Бюто, вне себя, забарабанил в дверь Фуанов обоими кулаками. Если бы ему не открыли, он бы ее, наверно, вышиб. Старики собирались ложиться; мать уже сняла чепец и платье и была в нижней юбке, седые волосы падали ей на виски. Когда они решились открыть, он набросился на них, крича, как зарезанный:
— Где мои деньги? Где мои деньги?
Те перепугались и, ошеломленные, попятились, не понимая, в чем дело.
— Так вы думаете, что я надрываюсь для этой скотины? Он будет бездельничать, а я буду угощать его… Так нет же, нет!
Фуан стал было отрицать, но сын грубо прервал его.
— Что? Так вы еще лжете? Я вам говорю, что мои деньги попали к нему. Я это почуял, когда слышал, как они звенели в кармане у мерзавца. Я добывал их в поте лица, а он теперь пропьет… Если это не так, то извольте мне их показать. Да, если они еще у вас, так покажите их… Я их узнаю, я сумею узнать. Покажите деньги…
Он настаивал, повторяя эту фразу несколько раз, возбуждаясь все больше и больше. Он клялся, что не заберет деньги обратно, а только посмотрит. Затем, видя, что старики бормочут что-то невнятное, он окончательно взбесился:
— Ясно, они у него… Разрази меня гром господен, если я теперь принесу вам хотя бы су. Надрываться для вас — это еще куда ни шло, но чтобы содержать гада, — да я лучше отрублю себе обе руки.
Наконец отец тоже рассердился.
— Ну, довольно, хватит. Чего ты суешься не в свои дела? Деньги мои, — что хочу, то и делаю.
— Что? — проговорил Бюто, побледнев и надвигаясь на отца со сжатыми кулаками. — Вы хотите у меня последнее отобрать? Так слушайте, это подлость, да, подлость — тянуть деньги с детей, когда у вас есть, чем жить… Не отнекивайтесь, кубышка-то тут, я знаю!
Взволнованный старик запротестовал прерывающимся голосом. Руки у него ослабели, он уже не находил в себе прежних сил, чтобы выгнать сына.
— Нет, нет у нас ни гроша… Убирайся ко всем чертям!
— А вот если я поищу! Если я поищу! — повторял Бюто, начиная уже выдвигать ящики и выстукивать стены.

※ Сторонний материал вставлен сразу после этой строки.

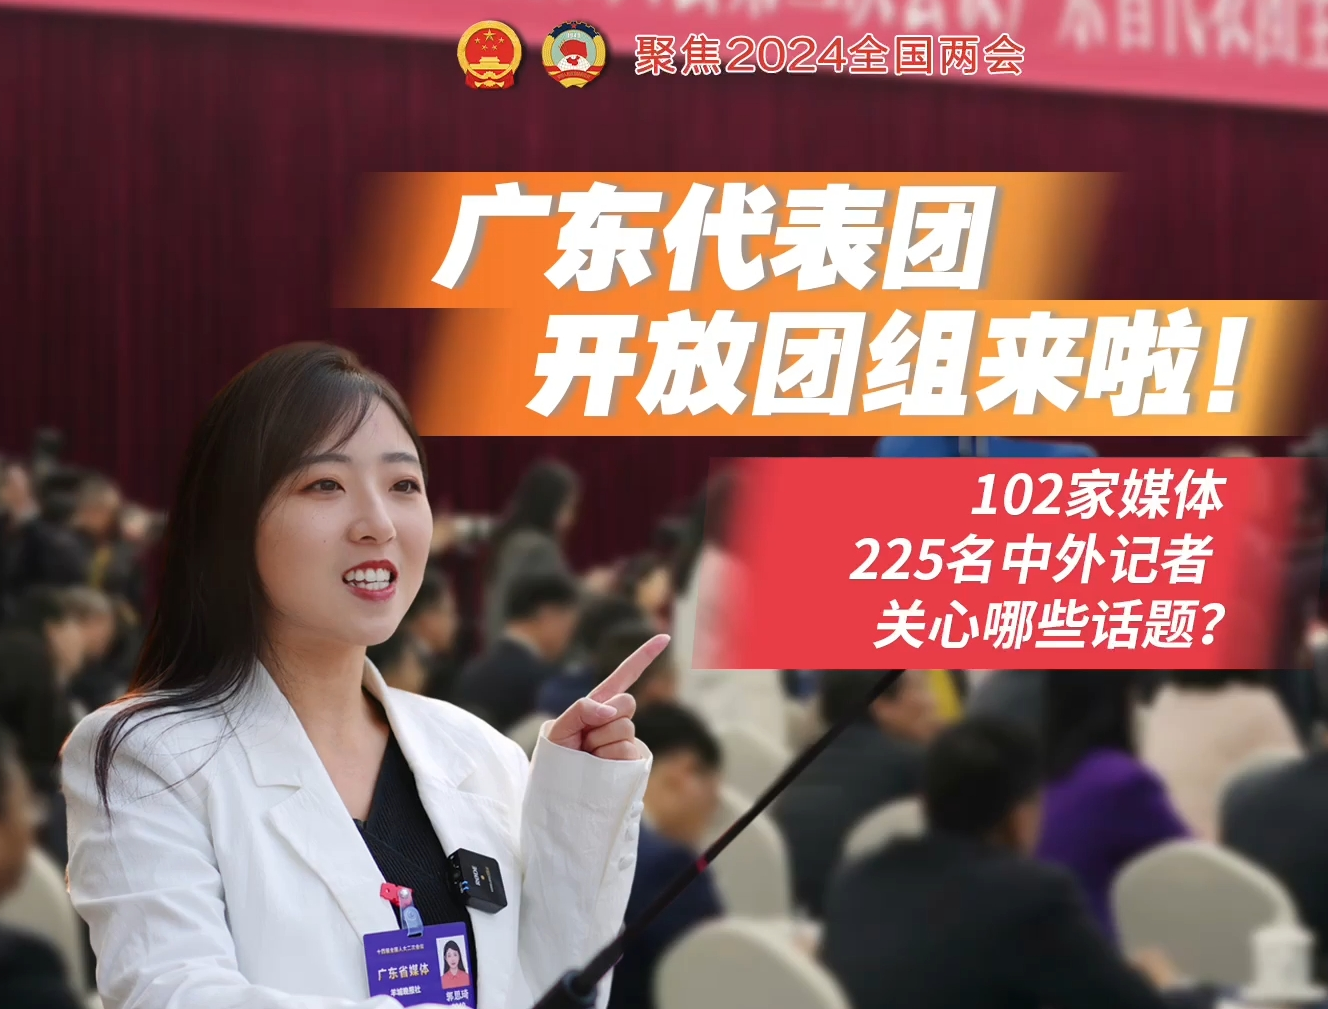  【Vlog】记者两会日记｜广东代表团开放团组来啦！200余名中外记者关心啥话题？

Тогда Роза в смятении, боясь, что между отцом и сыном возникнет драка, вцепилась в плечо Бюто, лепеча:
— Несчастный, ты что же, хочешь убить нас?
Он резко повернулся к ней и, схватив за руки, крикнул ей в лицо, не обращая внимания на жалкую, седую голову утомленной жизнью женщины:
— Это вы, вы виноваты! Вы отдали деньги Гиацинту… Вы никогда меня не любили, старая негодяйка!
Он оттолкнул ее с такой силой, что она, не удержавшись на ногах, упала с глухим стоном около стены. Он поглядел на нее, сжавшуюся в комок, и затем, как сумасшедший, бросился вон, хлопнув дверью и продолжая ругаться:
— Черт вас возьми! Черт вас возьми!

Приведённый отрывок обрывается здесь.